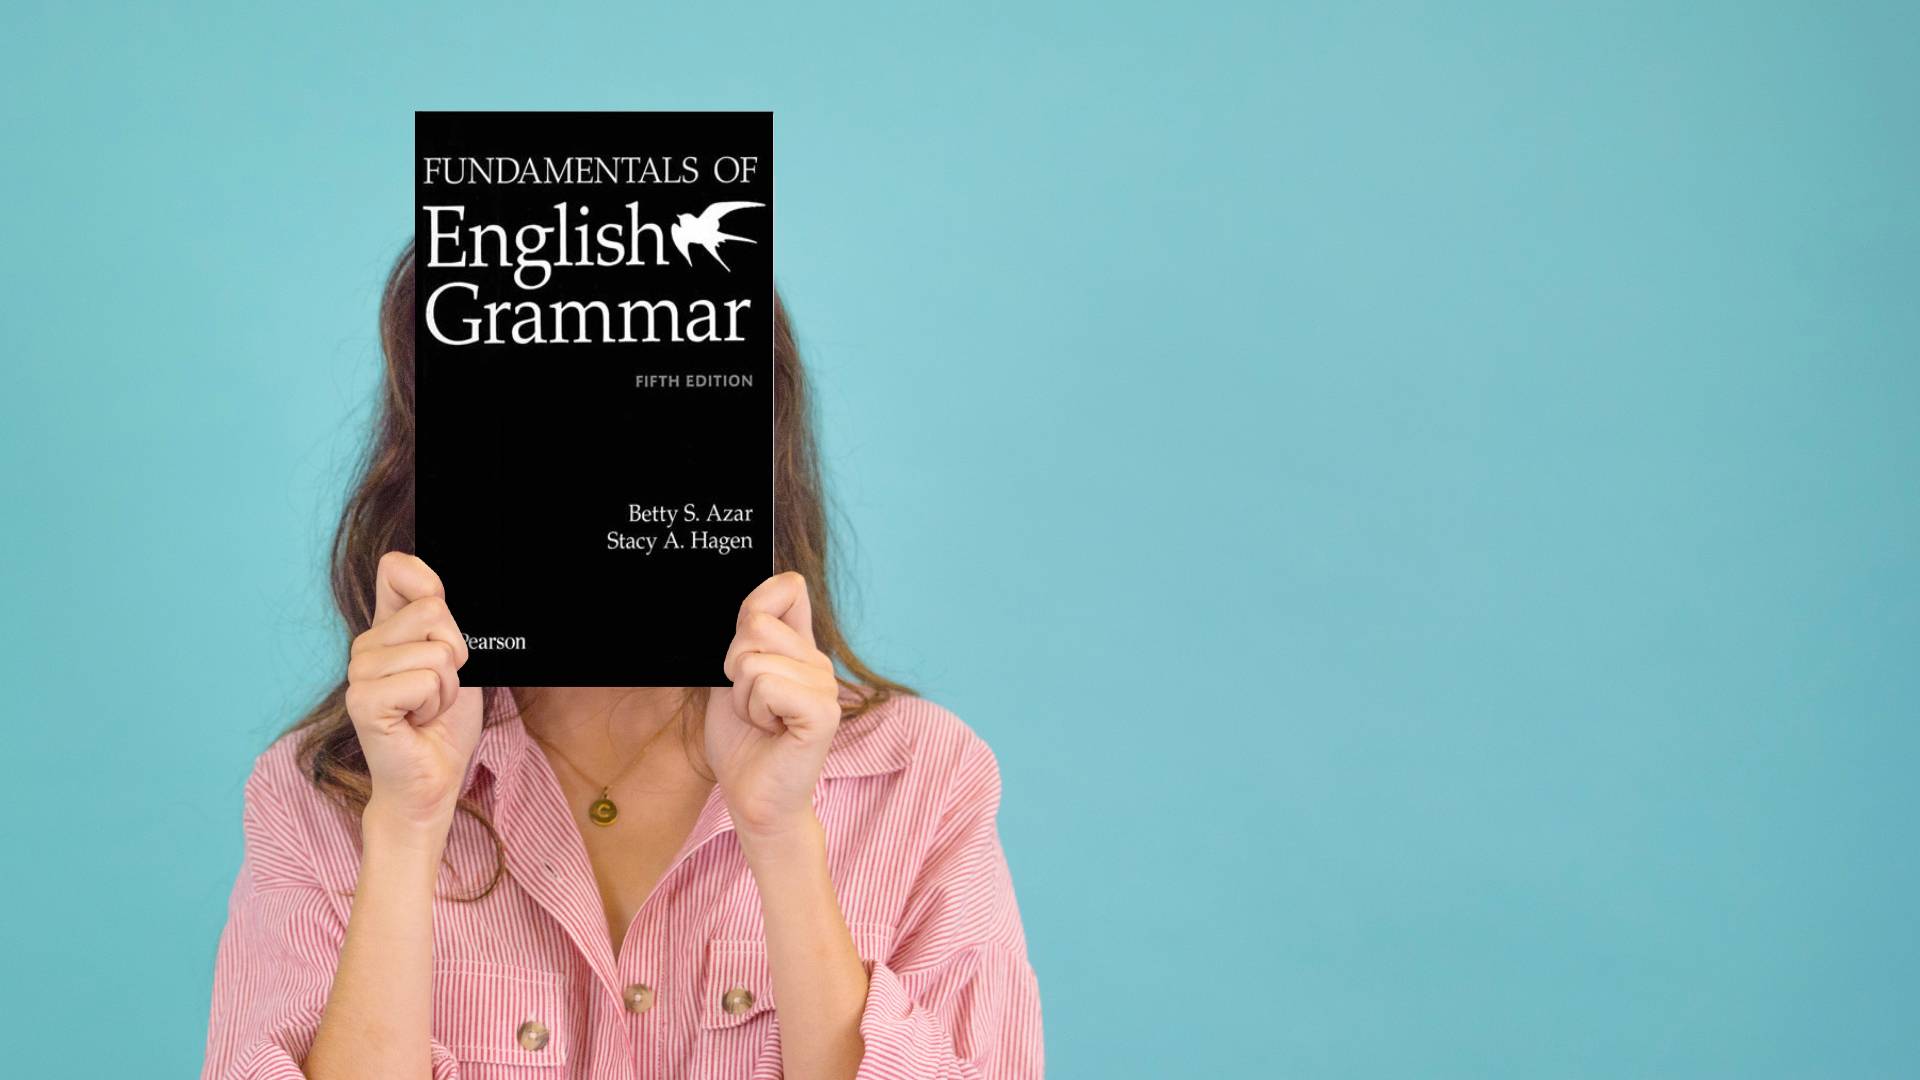 خرید کتاب زبان | فروشگاه اینترنتی کتاب زبان | Fundamentals of English Grammar Fifth Edition Betty S. Azar | فاندامنتال اف انگلیش گرامر ویرایش پنجم بتی آذر
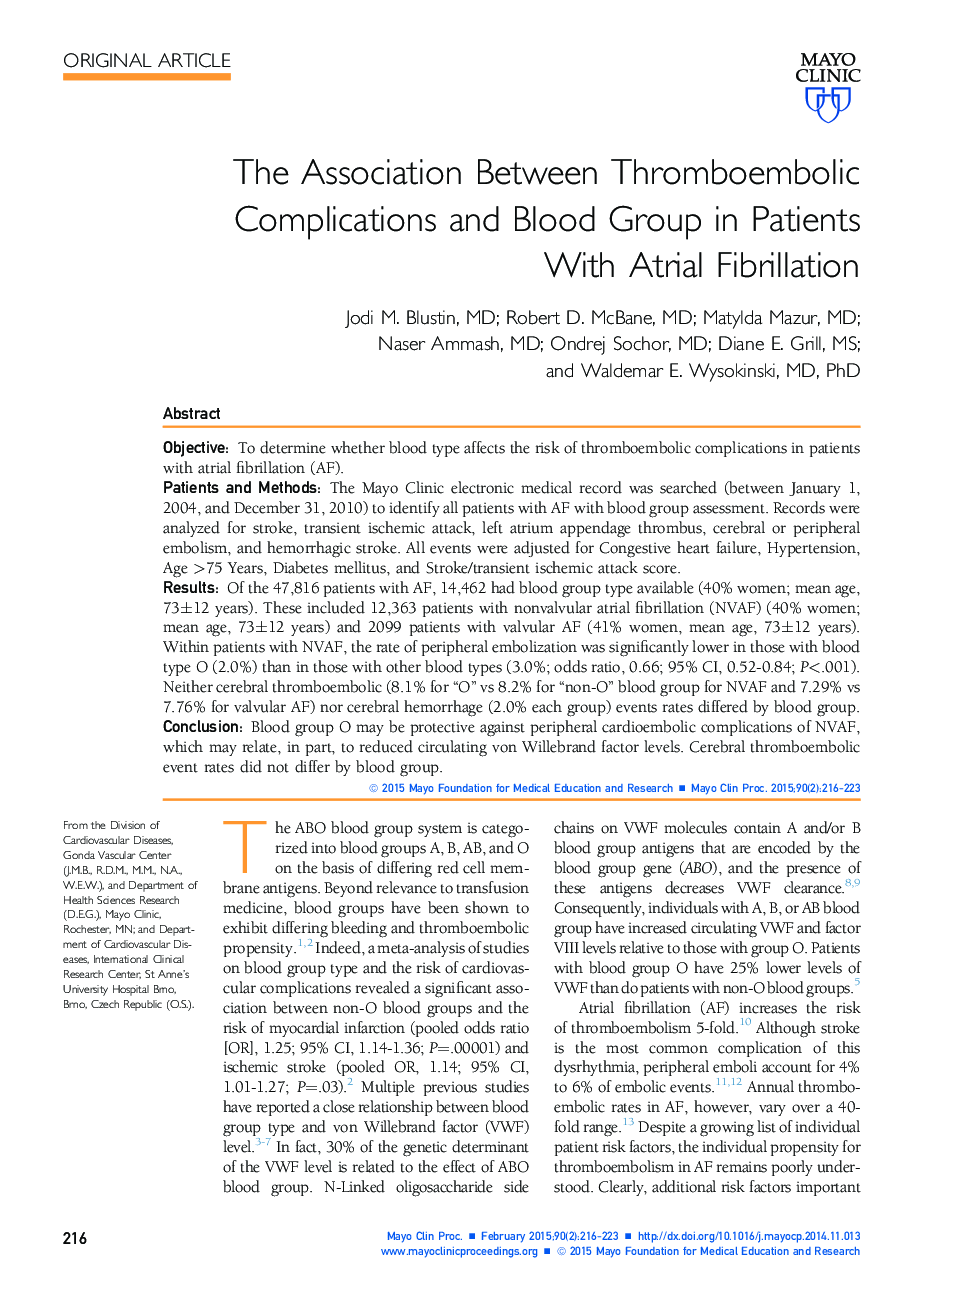 ارتباط بین عوارض ترومبو آمبولی و گروه خون در بیماران مبتلا به فیبریلاسیون دهلیزی 
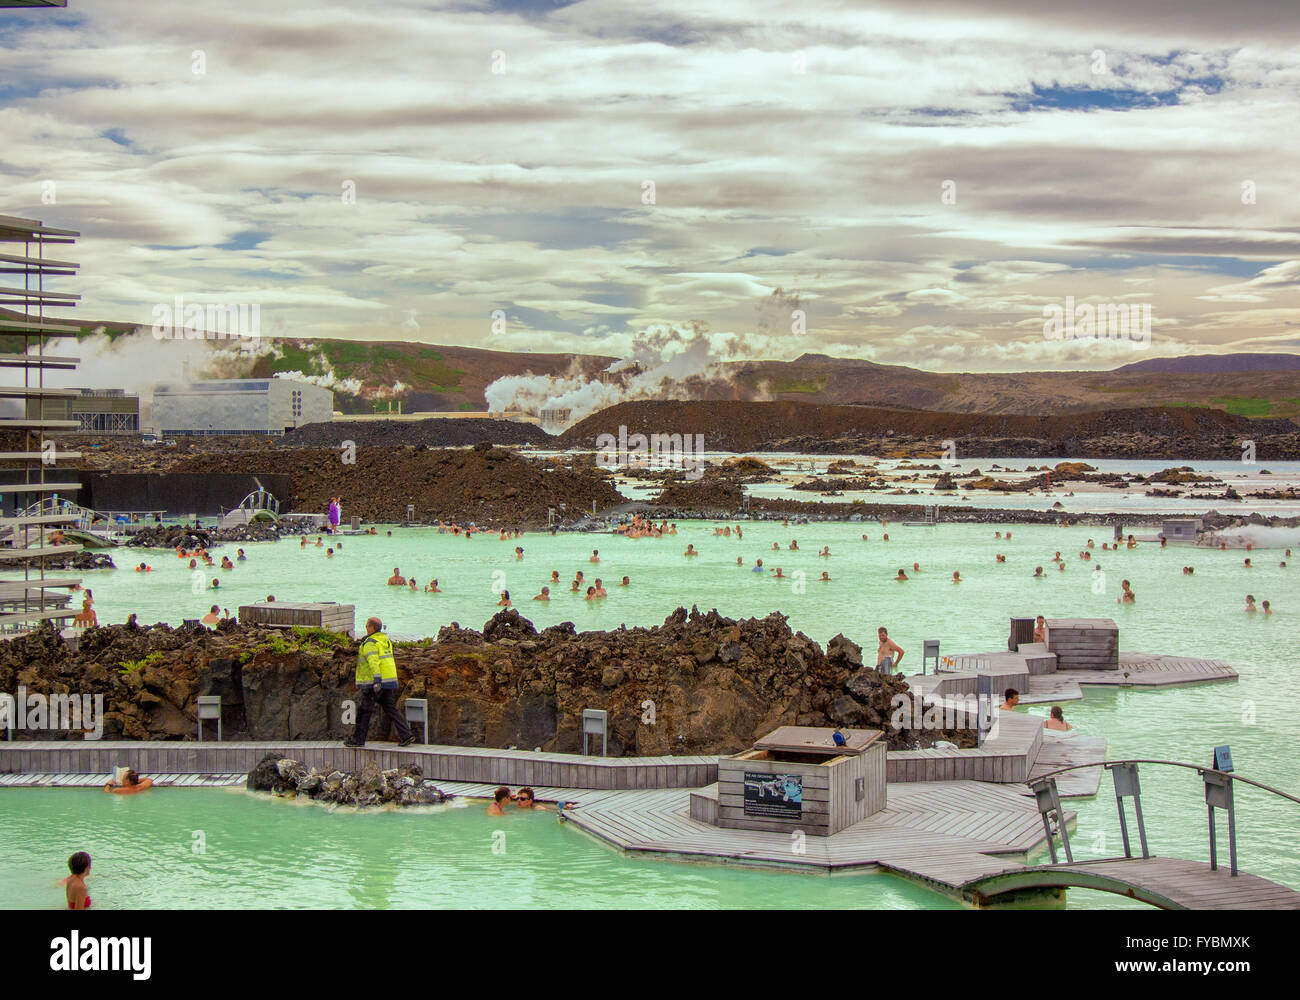 Península de Reykjanes, al suroeste de Islandia, Islandia. 5 ago, 2015. Los visitantes se bañan en el famoso Blue Lagoon Spa Geotermal situado en un campo de lava en GrindavÃ-k en la península de Reykjanes, al suroeste de Islandia. Las cálidas aguas son ricas en minerales y bañarse aquí es reputado para ayudar a personas con enfermedades de la piel. La laguna artificial está alimentado por la salida de la planta de energía geotérmica Svartsengi cercanos. Un destino turístico favorito, es uno de los lugares más visitados de Islandia, donde el turismo se ha convertido en un creciente sector de la economía. © Arnold Drapkin/Zuma alambre/Alamy Live News Foto de stock

TASK GOAL: Without including any pictures, print all of the material exactly as given.

ANSWER BOX:
 خرید کتاب زبان | فروشگاه اینترنتی کتاب زبان | Fundamentals of English Grammar Fifth Edition Betty S. Azar | فاندامنتال اف انگلیش گرامر ویرایش پنجم بتی آذر
 ارتباط بین عوارض ترومبو آمبولی و گروه خون در بیماران مبتلا به فیبریلاسیون دهلیزی 
 Península de Reykjanes, al suroeste de Islandia, Islandia. 5 ago, 2015. Los visitantes se bañan en el famoso Blue Lagoon Spa Geotermal situado en un campo de lava en GrindavÃ-k en la península de Reykjanes, al suroeste de Islandia. Las cálidas aguas son ricas en minerales y bañarse aquí es reputado para ayudar a personas con enfermedades de la piel. La laguna artificial está alimentado por la salida de la planta de energía geotérmica Svartsengi cercanos. Un destino turístico favorito, es uno de los lugares más visitados de Islandia, donde el turismo se ha convertido en un creciente sector de la economía. © Arnold Drapkin/Zuma alambre/Alamy Live News Foto de stock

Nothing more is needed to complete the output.